Further, the general instruction transmitting unit includes: the first sending module is used for sending the number information, the current temperature value and the first preset byte color information to the nixie tube.

Further, the alarm instruction sending unit includes: the second sending module is used for sending the number information, the current temperature value and the second preset byte color information to the nixie tube.

In a third aspect, the present embodiment provides a computer device comprising a memory, a processor and a computer program stored on the memory and executable on the processor, wherein the processor implements the temperature display method as described above when executing the computer program.

In a fourth aspect, the present embodiment provides a storage medium storing a computer program comprising program instructions which, when executed by a processor, enable the implementation of a temperature display method as described above.
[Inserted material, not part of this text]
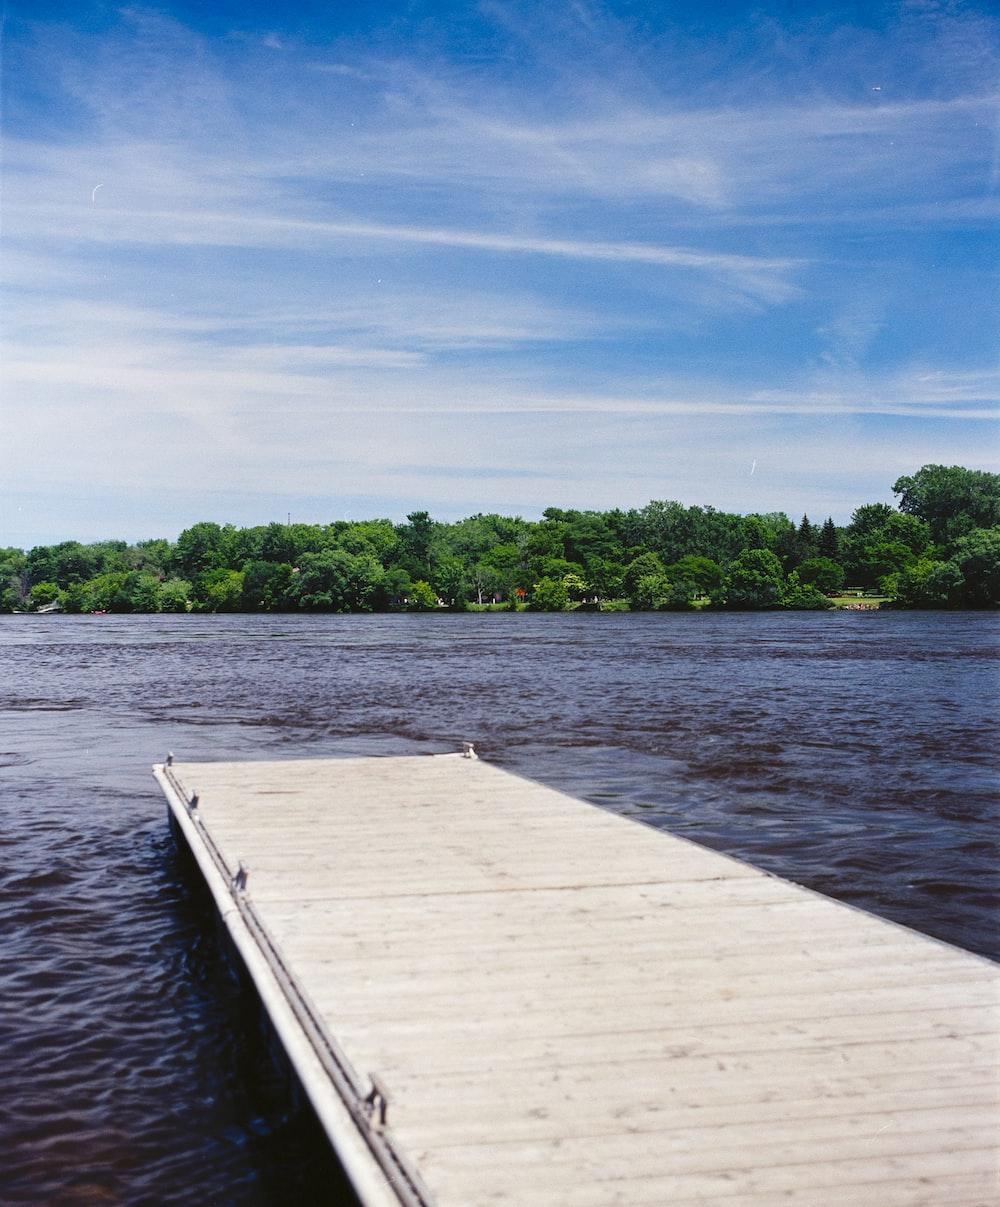 dock during daytime

Compared with the prior art, the invention has the beneficial effects that: the temperature value of the component is intuitively displayed on the nixie tube, a preset temperature alarm threshold is set to divide the temperature into a general temperature and an alarm temperature, if the current detection component is the general temperature, a general display instruction is sent to the nixie tube, and if the current detection component is the alarm temperature, an alarm display instruction is sent to the nixie tube, so that the temperature value is intuitively displayed on the nixie tube, and meanwhile, the temperature state of the current component can be more intuitively observed through the nixie tube.

Drawings

In order to more clearly illustrate the technical solutions of the embodiments of the present invention, the drawings required for the description of the embodiments will be briefly described below, and it is obvious that the drawings in the following description are some embodiments of the present invention, and other drawings may be obtained according to these drawings without inventive effort for a person skilled in the art.
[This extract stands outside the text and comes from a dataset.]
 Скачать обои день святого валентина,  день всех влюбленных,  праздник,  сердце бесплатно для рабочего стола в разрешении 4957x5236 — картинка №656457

FIG. 1 is a schematic flow chart of a temperature display method according to an embodiment of the present invention;

FIG. 2 is a schematic flow chart of temperature acquisition according to an embodiment of the present invention;

FIG. 3 is a flowchart illustrating a general display instruction sending process according to an embodiment of the present invention;

FIG. 4 is a schematic flow chart of sending an alarm display instruction according to an embodiment of the present invention;

FIG. 5 is a schematic block diagram of a temperature display device according to an embodiment of the present invention;

FIG. 6 is a schematic block diagram of a temperature acquisition unit provided by an embodiment of the present invention;

fig. 7 is a schematic block diagram of a general display instruction transmitting unit provided in an embodiment of the present invention;

FIG. 8 is a schematic block diagram of an alarm display instruction sending unit according to an embodiment of the present invention;

fig. 9 is a schematic block diagram of a computer device according to an embodiment of the present invention.

Detailed Description

The following description of the embodiments of the present invention will be made clearly and fully with reference to the accompanying drawings, in which it is evident that the embodiments described are some, but not all embodiments of the invention. All other embodiments, which can be made by those skilled in the art based on the embodiments of the invention without making any inventive effort, are intended to be within the scope of the invention.
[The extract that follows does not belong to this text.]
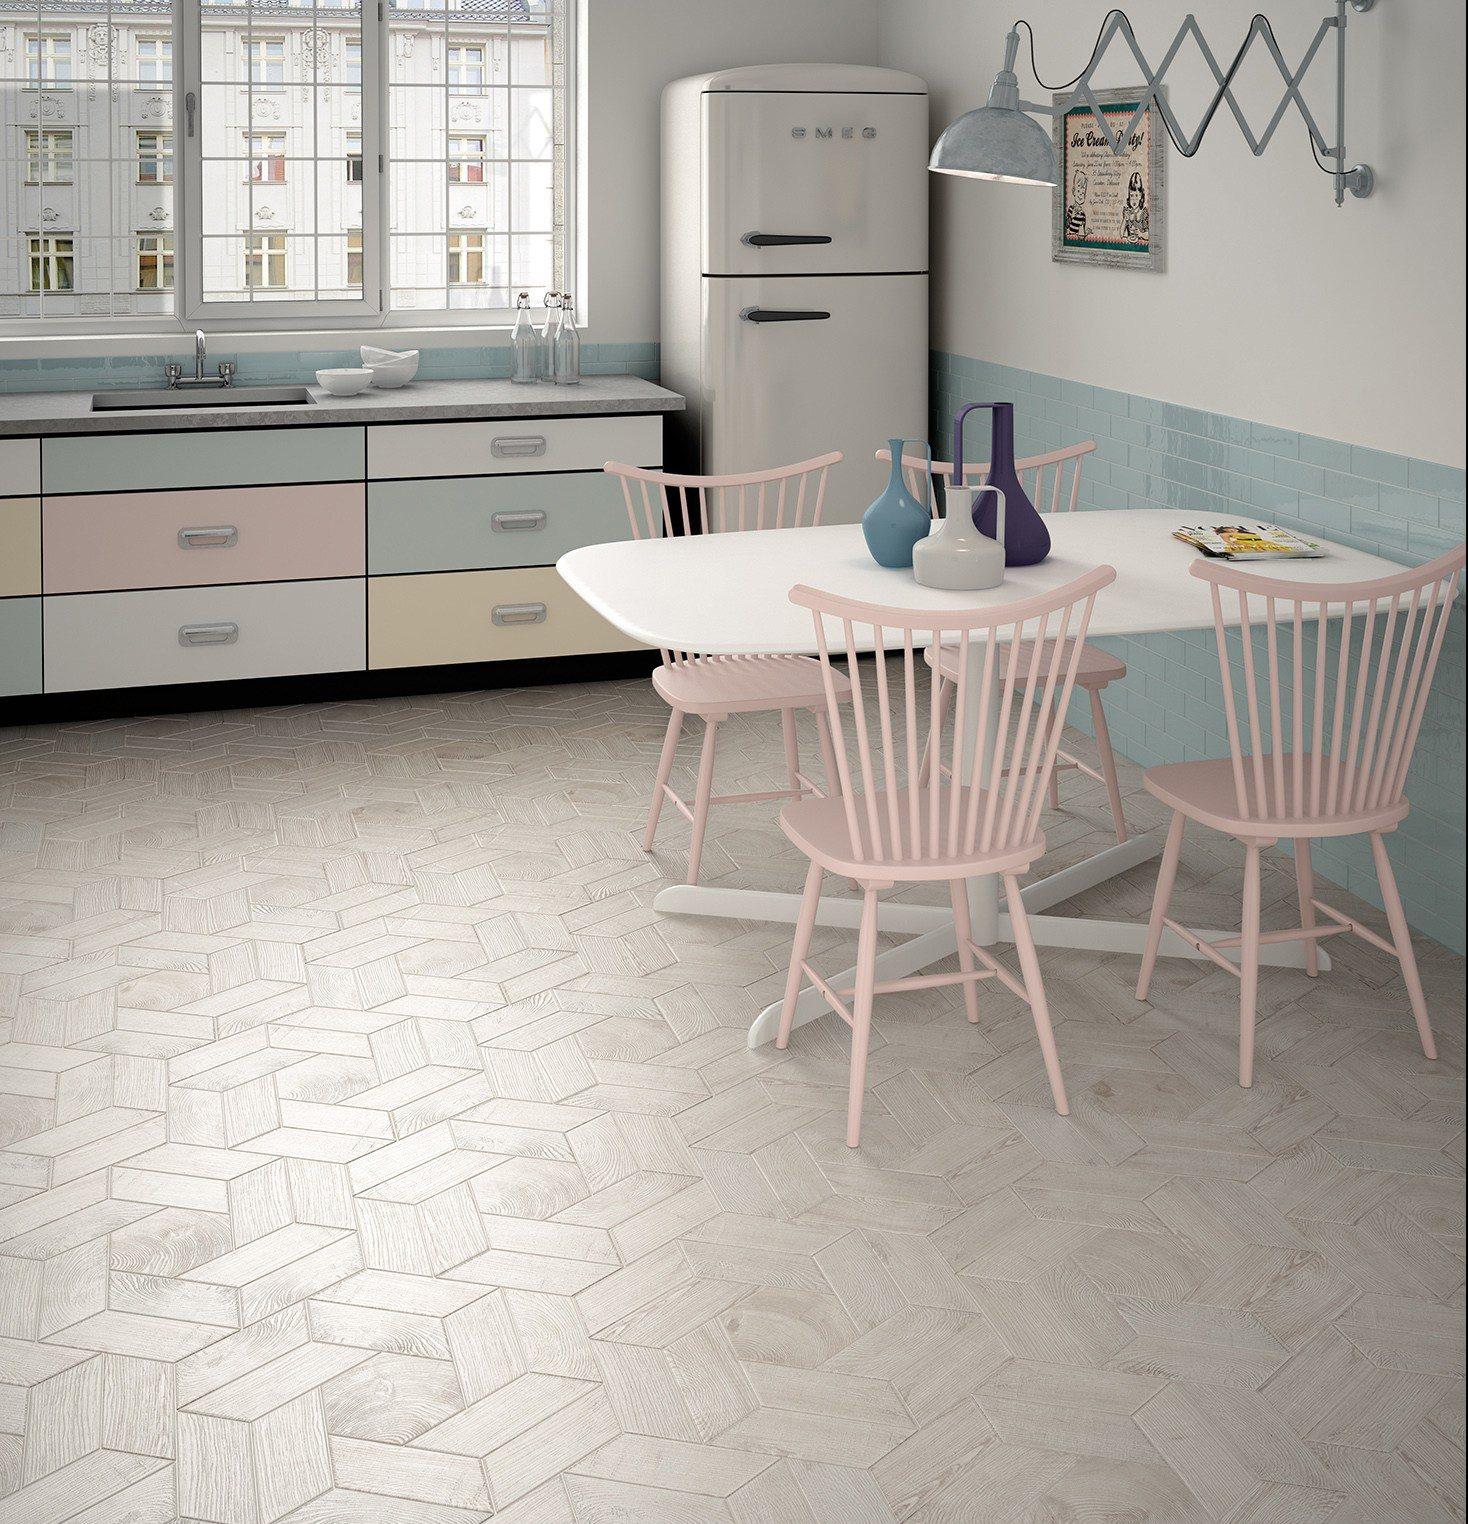 Hexawood-Equip-Ceramicas

It should be understood that the terms "comprises" and "comprising," when used in this specification and the appended claims, specify the presence of stated features, integers, steps, operations, elements, and/or components, but do not preclude the presence or addition of one or more other features, integers, steps, operations, elements, components, and/or groups thereof.

It is also to be understood that the terminology used in the description of the invention herein is for the purpose of describing particular embodiments only and is not intended to be limiting of the invention. As used in this specification and the appended claims, the singular forms "a," "an," and "the" are intended to include the plural forms as well, unless the context clearly indicates otherwise.

It should be further understood that the term "and/or" as used in the present specification and the appended claims refers to any and all possible combinations of one or more of the associated listed items, and includes such combinations.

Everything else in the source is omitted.